A Internet é tanto uma coleção de comunidades como uma coleção de tecnologias, e seu sucesso é largamente atribuído à satisfação das necessidades básicas da comunidade, bem como utilizando a comunidade de uma forma eficaz para empurrar a infra-estrutura para a frente. Este espírito de comunidade tem uma longa história, começando com a ARPANET. Os pesquisadores da antiga ARPANET trabalharam numa comunidade fechada para conseguirem fazer as demonstrações iniciais da tecnologia de comutação de pacotes descrita anteriormente. Da mesma forma, o Packet Satellite, Packet Radio e vários outros programas de computador DARPA pesquisa científica foram contratante multi-atividades cooperadas que usavam pesadamente qualquer mecanismo disponível para coordenar seus esforços, começando com o correio eletrônico e acrescentando compartilhamento de arquivos, acesso remoto, e, finalmente, World capacidades Wide Web. Cada um destes programas formou um grupo de trabalho, começando com a ARPANET Network Working Group. Devido ao papel único que jogou ARPANET como infra-estrutura de apoio a vários programas de pesquisa, como a Internet começou a evoluir, a rede Grupo de Trabalho evoluiu para Internet Working Group.

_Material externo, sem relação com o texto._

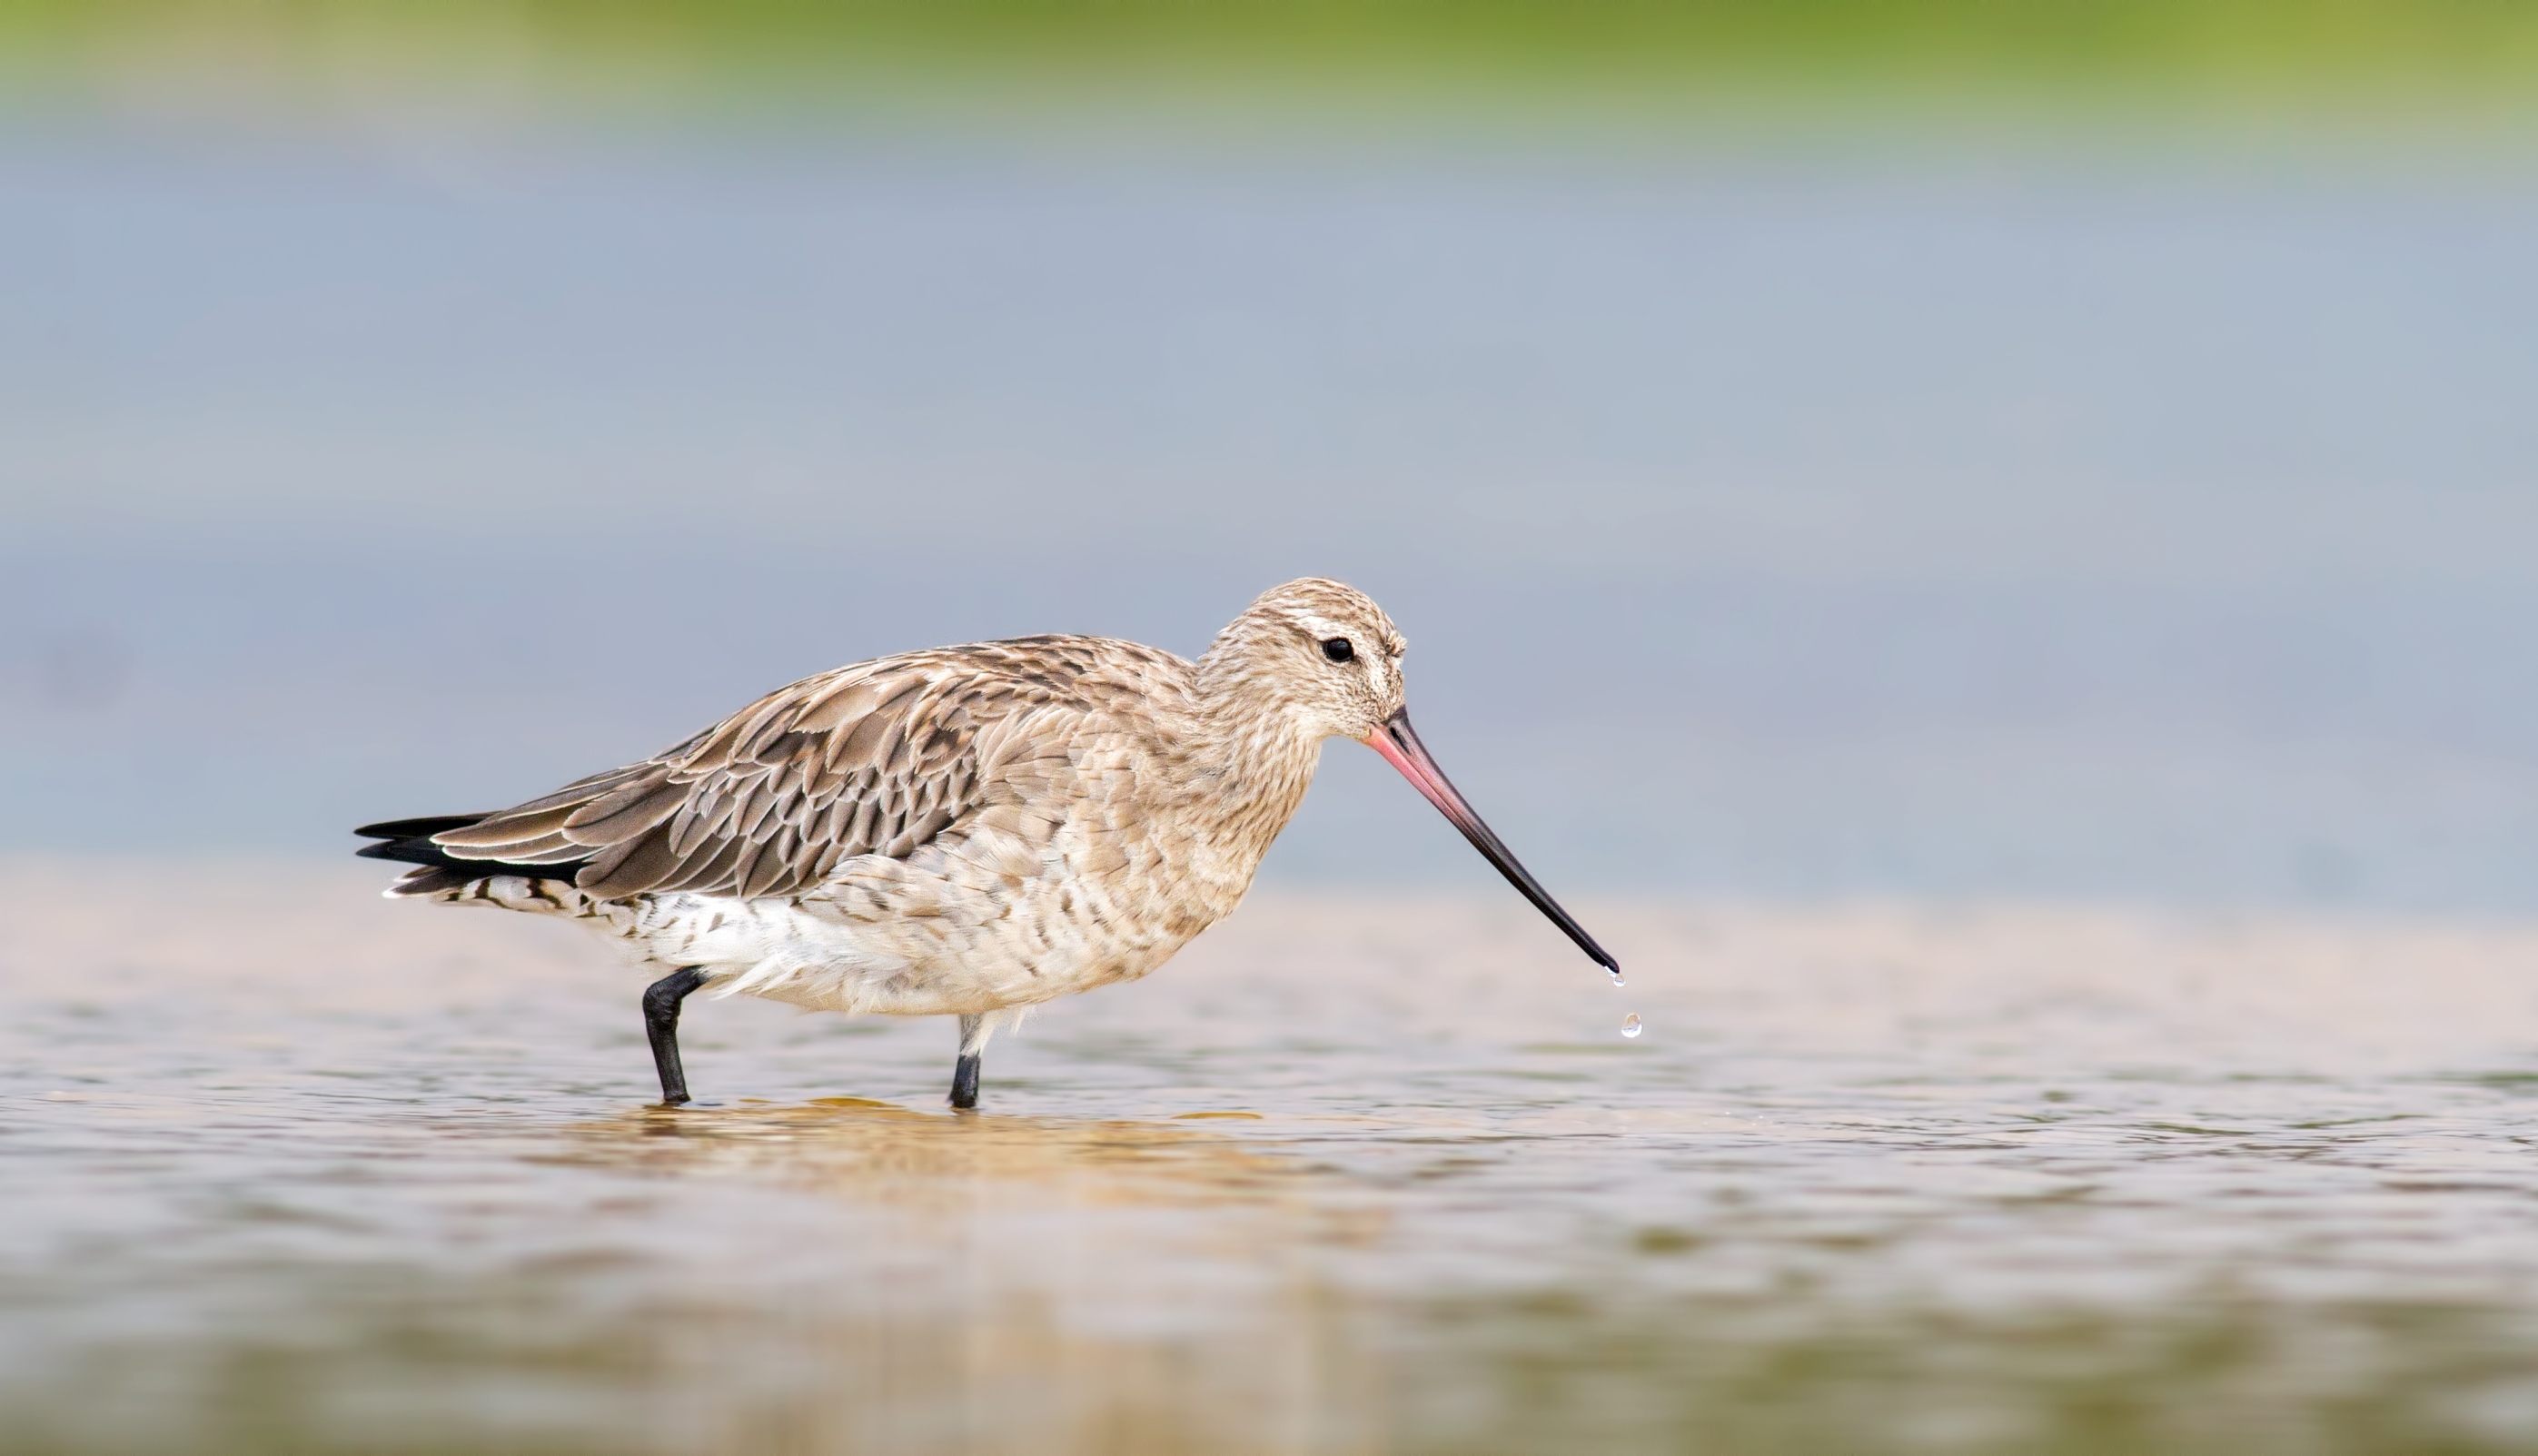 Bar-tailed Godwit in water

No final dos anos 1970, reconhecendo que o crescimento da Internet foi acompanhado por um crescimento no tamanho da comunidade de pesquisa interessada e, portanto, uma maior necessidade de mecanismos de coordenação, Vint Cerf, então gerente do Programa Internet da DARPA, formou vários grupos de coordenação - um Conselho de Cooperação Internacional (ICB), presidido por Peter Kirstein da UCL, para coordenar as atividades com alguns países europeus envolvidos no programa Packet Satellite investigação, uma pesquisa do Internet Group, que era um grupo, inclusive fornecendo um ambiente para troca de informação geral, e uma Internet Configuration Control Board (BICE), presidido por Clark. O ICCB era um órgão de convite para assessorar Cerf na gerência da florescente Internet.

Em 1983, quando Barry Leiner passou a gerenciar o programa de pesquisa da Internet na DARPA, ele e Clark reconheceram que o crescimento contínuo da comunidade Internet demandava uma reestruturação dos mecanismos de coordenação. O ICCB foi dissolvida e em seu lugar uma estrutura de Forças-Tarefa foi formada, cada um focado em uma área particular da tecnologia (por exemplo, roteadores, end-to-end protocolos, etc.) A Internet Activities Board (IAB) foi formado com os presidentes da Força Tarefa. É claro foi apenas uma coincidência que os presidentes das forças-tarefa foram as mesmas pessoas que os membros do antigo ICCB e Dave Clark continuou a agir como presidente.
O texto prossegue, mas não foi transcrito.